» **AIM OF THE TASK**
Please give back the listing below word for word and drop any images.

:: INFORMATION PROVIDED

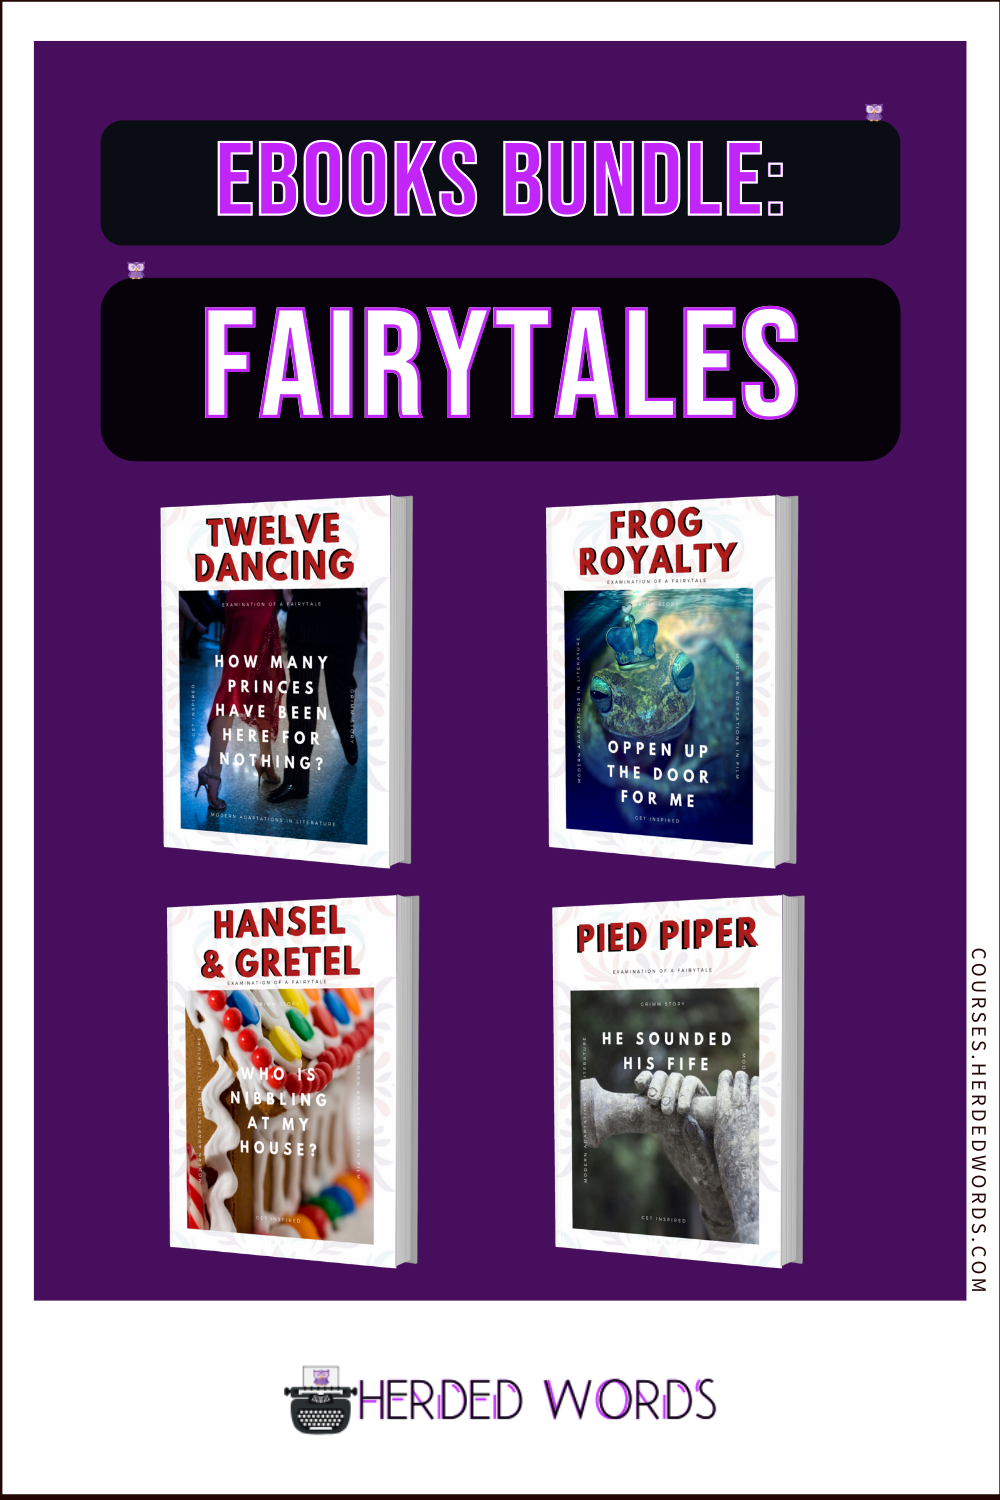 Buy a Bundle of 4 Fairytale eBooks: Twelve Dancing, Frog Royalty, Hansel & Gretel, Pied Piper
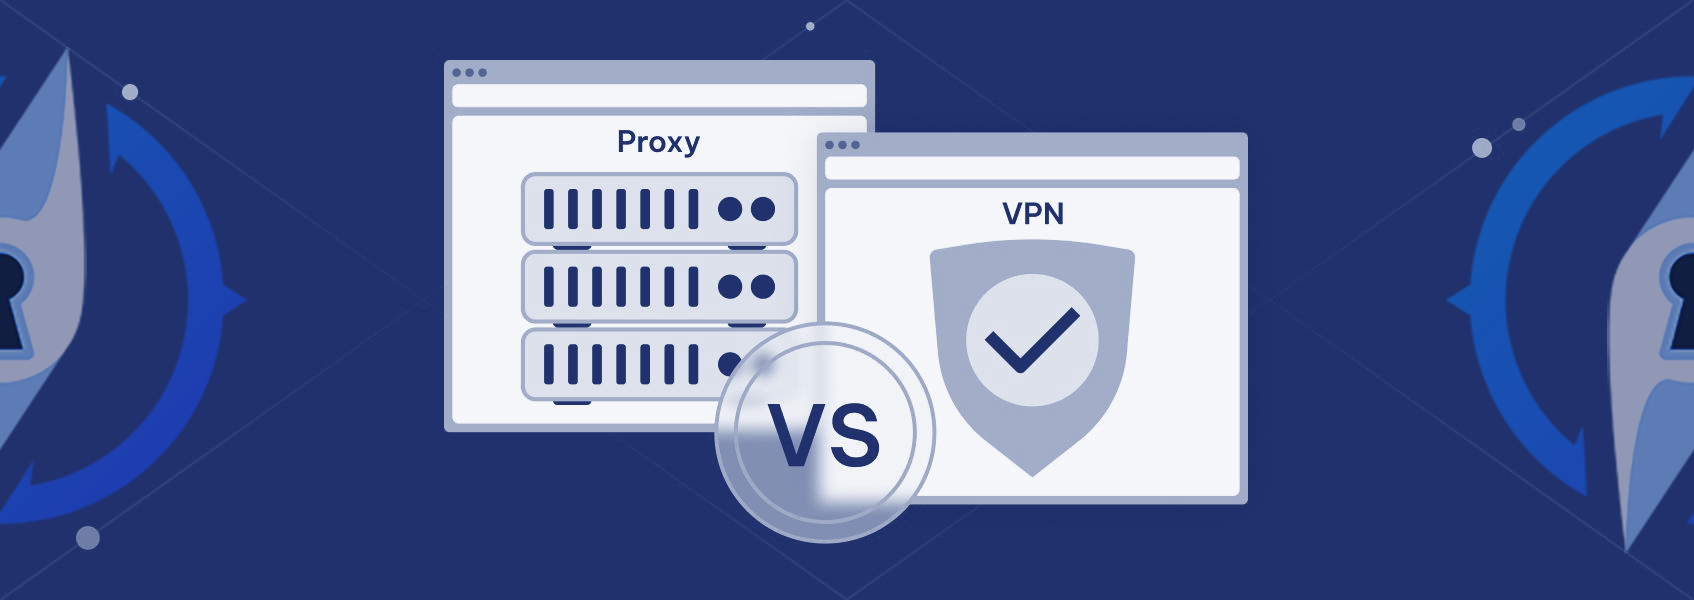 Decifrare le differenze: proxy e VPN
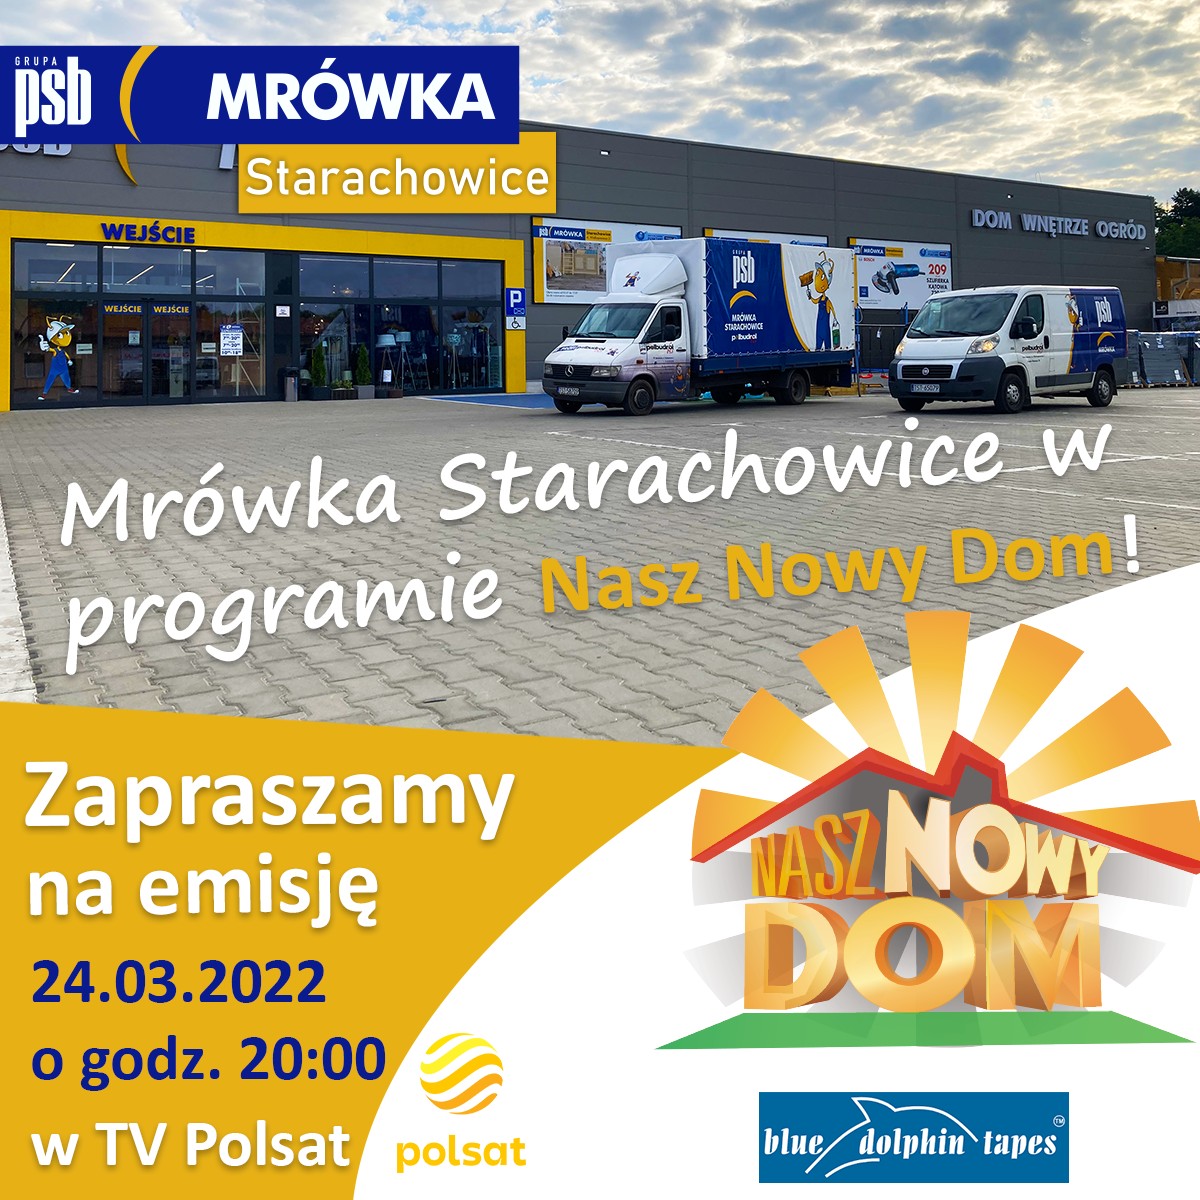 mrowka-starachowice-w-odcinku-nasz-nowy-dom
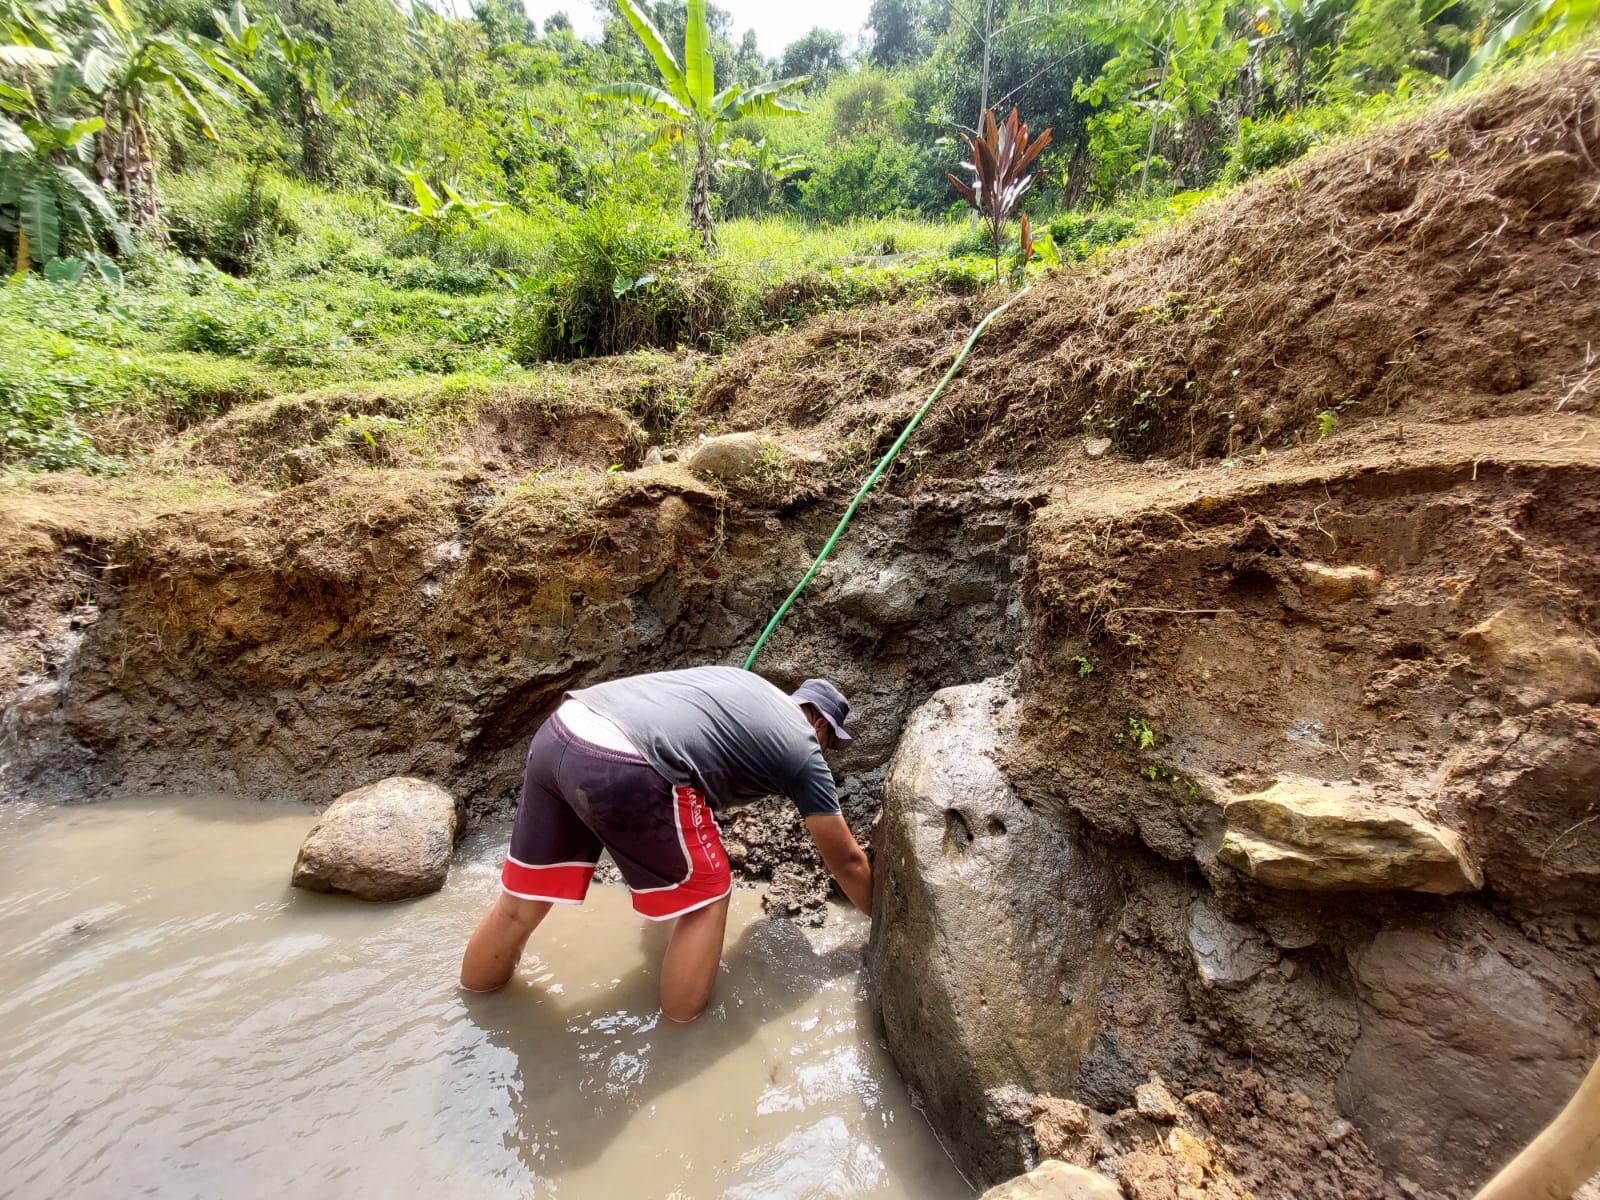 Warga membersihkan sumber air panas di Desa Cimanggu, Ngamprah, yang akan dijadikan objek wisata

::::

» **RESPONSE TO THE EXERCISE**
 Buy a Bundle of 4 Fairytale eBooks: Twelve Dancing, Frog Royalty, Hansel & Gretel, Pied Piper
 Decifrare le differenze: proxy e VPN
 mrowka-starachowice-w-odcinku-nasz-nowy-dom
 Warga membersihkan sumber air panas di Desa Cimanggu, Ngamprah, yang akan dijadikan objek wisata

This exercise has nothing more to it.